Она постаралась забыть о состоянии зала, представить его таким, каким видел зал он: все стулья заняты, дети в кои-то веки помалкивают, — повод, по которому их собрали, таков, что особенно не поболтаешь, — некоторые плачут или сдерживают слезы. Учителя сидят рядами по сторонам от директора школы, зубы их стиснуты, взгляды потуплены или устремлены на директора. Тревис стоит за кафедрой, вцепившись в ее углы, дальние от него, и сжимая кафедру локтями. Глаза директора требуют от зала тишины и внимания, появление запоздавшего не прерывает его разглагольствований. Тревис, разумеется, видел, как он вошел. И кое-кто из учителей тоже, хотя разобрать, что у него в руке, они не могли. Дети, сидевшие в заднем ряду, наверное, повернулись к нему и даже увидели, может быть, пистолет, но, разумеется, решили, что это бутафория, что его поздний приход продуман заранее — как драматическое совпадение с тем, о чем говорил в ту минуту Тревис. В конце концов, пистолет идеально отвечал теме читавшейся директором нотации. Ибо темой ее было насилие.

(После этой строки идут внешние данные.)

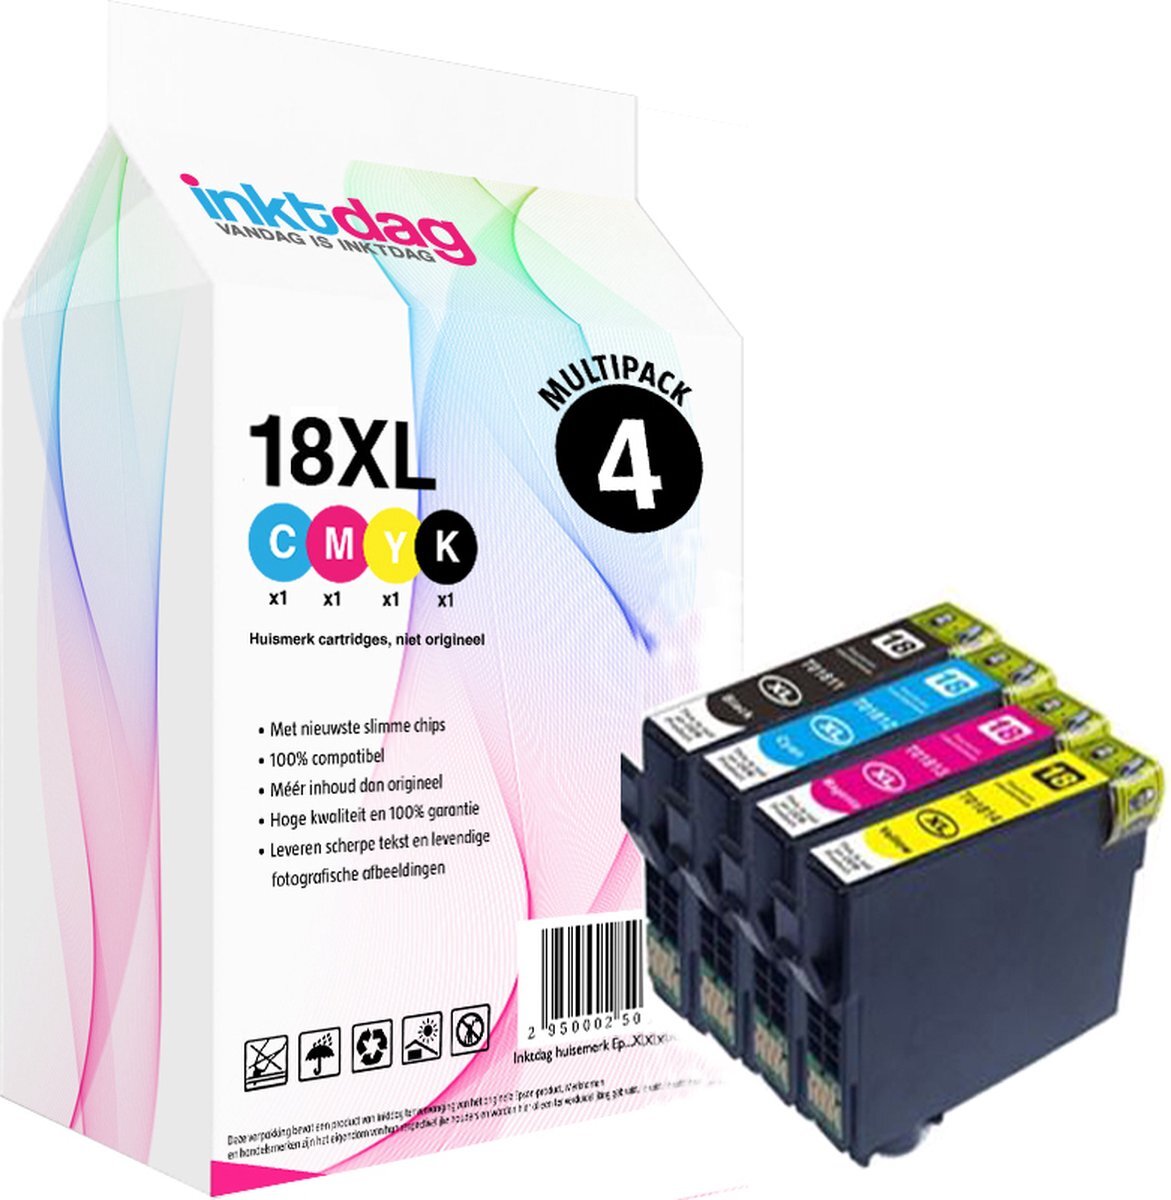 inktdag inktcartridge voor Epson 18XL multipack van 4 kleuren voor Epson Expression Home XP202, XP205, XP30, XP302, XP305, XP402, XP405, XP412, XP415, XP315, XP312, XP215, XP212, XP225, XP322, XP422, XP425, XP325, XP222

Она постаралась как можно точнее повторить его путь — прошла вдоль задней стены зала, в углу свернула к сцене. А дойдя до середины боковой стены, остановилась и повернулась к залу — туда, где в тот день сидели ученики. Обращаться с пистолетом он толком не умел. Целиться тоже, а кроме того, намеченная им жертва уже пришла в движение, да и пистолет выстрелил не сразу. Поэтому первую пулю получила Сара Кингсли, девочка одиннадцати лет. Хотя умерла она последней. Люсия погадала, осознал ли он, спустив курок, что попал в нее, — хотя бы заметил это? Кровь текла по ногам Сары. Вдоль следов ее, главным образом, крови Люсия и шла по коридору. И на канате тоже была ее кровь.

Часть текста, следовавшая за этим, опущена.